= Alexander Liebermann =

German-French composer of classical music

Alexander Liebermann (born 1989) is a German-French composer of classical music based in New York City. He is best known for transcribing birdsongs into musical notation and sharing them on social media. He incorporates bird calls into his classical music compositions, which have been performed around the world.

== Early life and education ==
Liebermann was educated at the Hochschule für Musik Hanns Eisler in Berlin before earning a master's degree at the Juilliard School in New York City. While a student at Juilliard, Liebermann wrote Rondeaux, a two-part composition inspired by French medieval poets Alain Chartier and Charles d'Orléans. He remained in New York after graduating Juilliard to obtain a doctorate in music theory and composition from the Manhattan School of Music, where his thesis on Czech pianist and composer Erwin Schulhoff was awarded the Saul Braverman Award in Music Theory.

== Career ==
While quarantining in Berlin during the COVID-19 pandemic, Liebermann began listening attentively to recordings of birdsongs online, transcribing them onto sheet music, and composing music that incorporates the bird calls. He describes birdsongs as "unpredictable, haunting... spine-tingling calls" that are themselves a form of music. His interest in integrating birdsongs into classical compositions began during a visit to Costa Rica in February 2020. Since beginning his musical study of birds, Lieberman has translated calls from many bird species into modern staff notation for sheet music, including the uirapuru, the common loon, the thrush nightingale, the white bellbird, the Chinese hwamei, the uguisu, the common peafowl, the oropendola, the cuckoo, and the Javan pied starling, among others.

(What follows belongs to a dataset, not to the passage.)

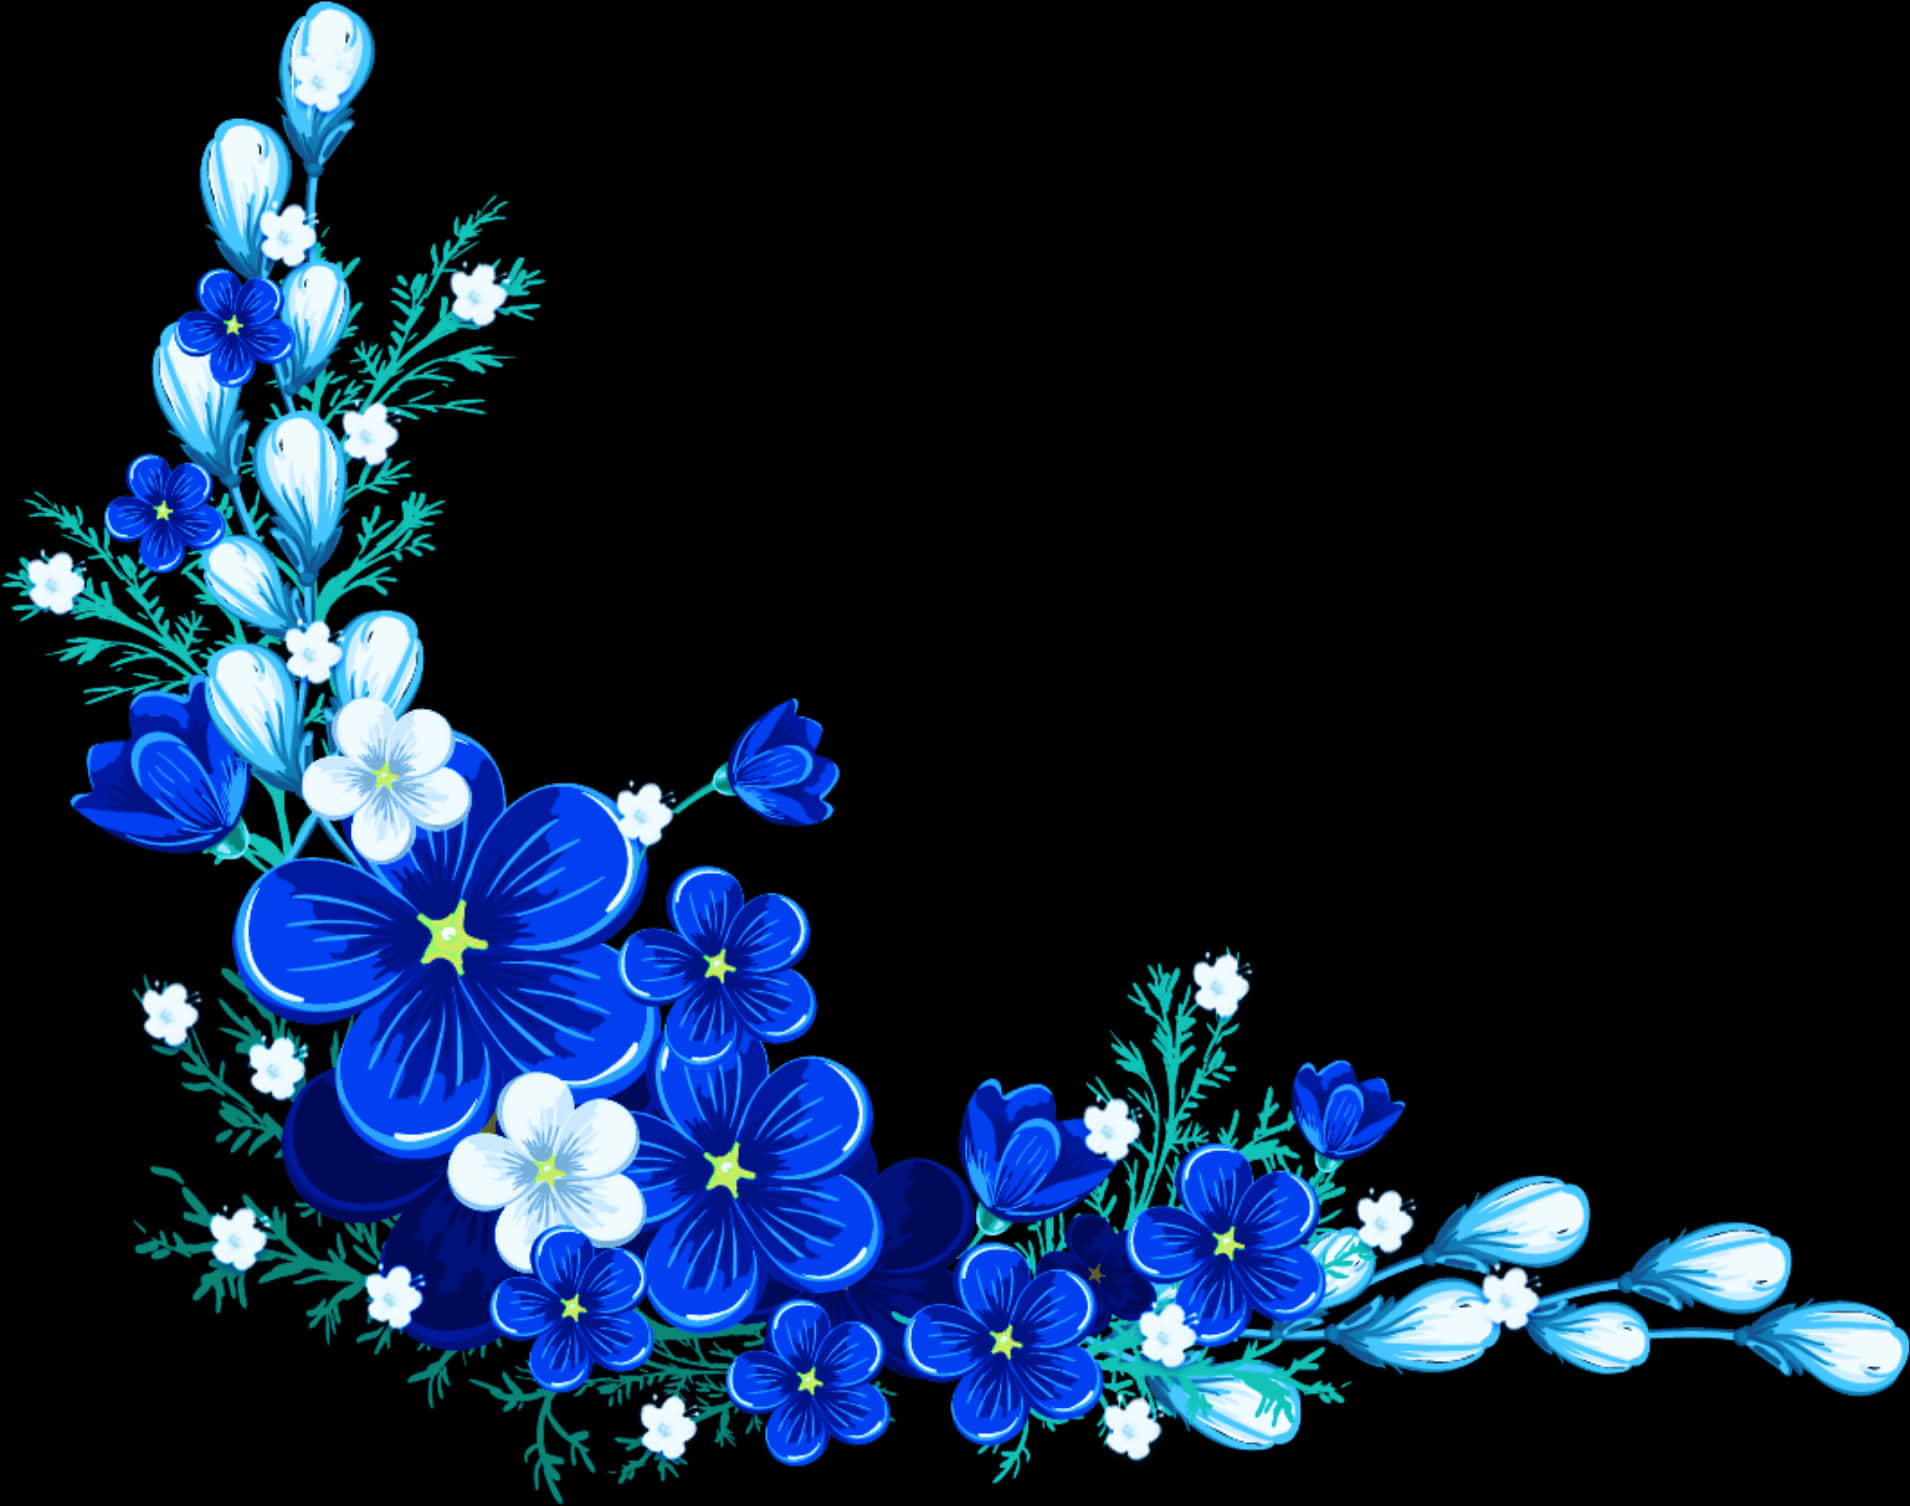 A Blue And White Flowers On A Black Background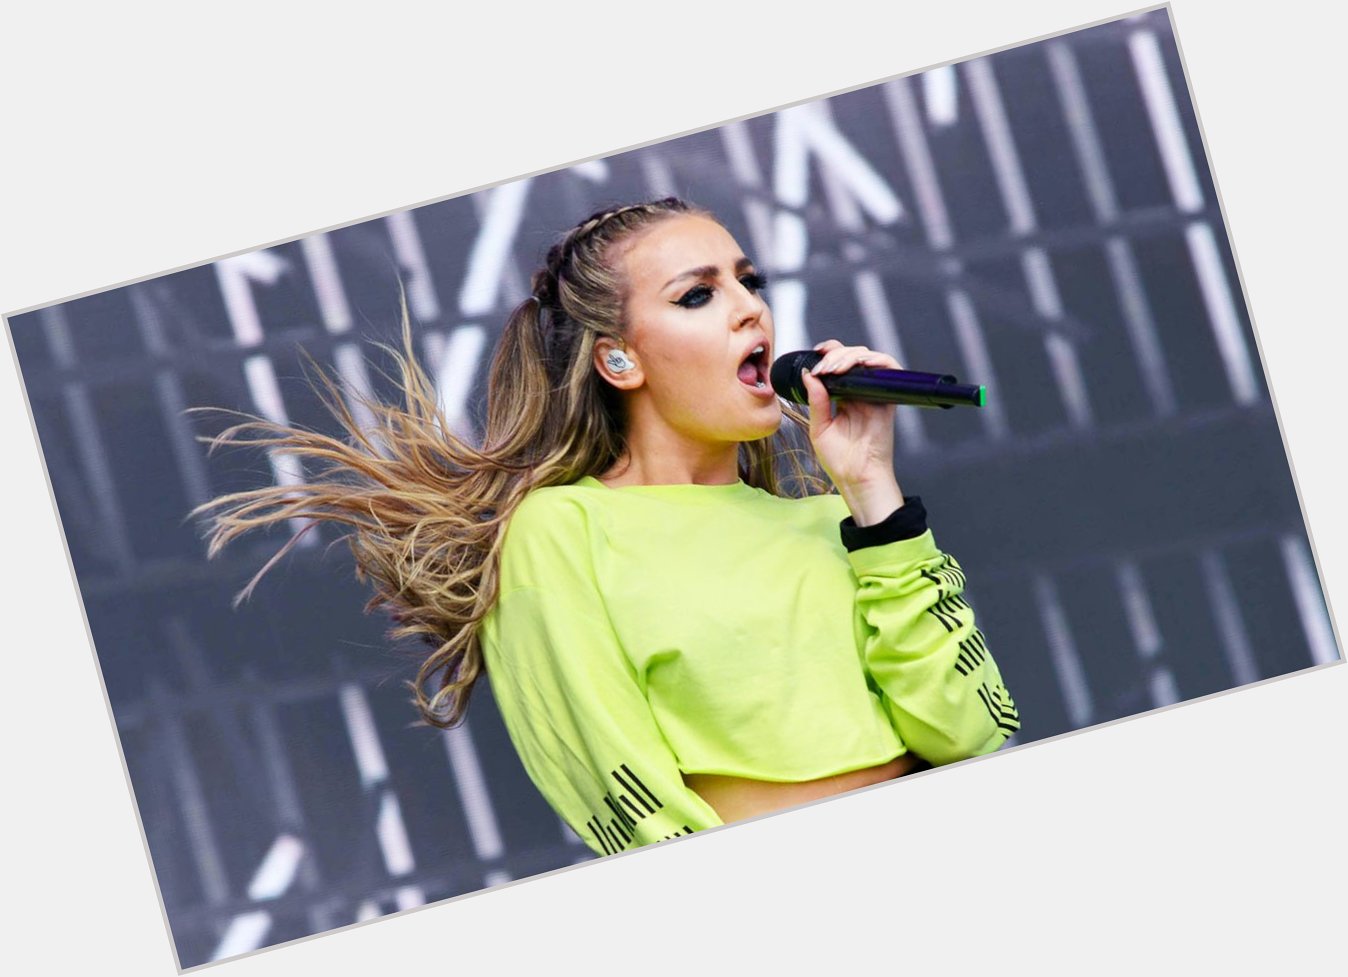 Happy Birthday Perrie Edwards! Which song makes you smile the most?

In 2018, Liebermann was commissioned to compose a climate-themed melodrama for the Deutsche Oper Berlin. The work, titled Erwachen, turns on the experience of a young girl in the future as she reflects on her ancestors' failure to confront the threat of climate change. In 2022, he published his debut book, Birdsong: A Musical Field Guide.

When not composing his own music, Liebermann teaches at the Juilliard School.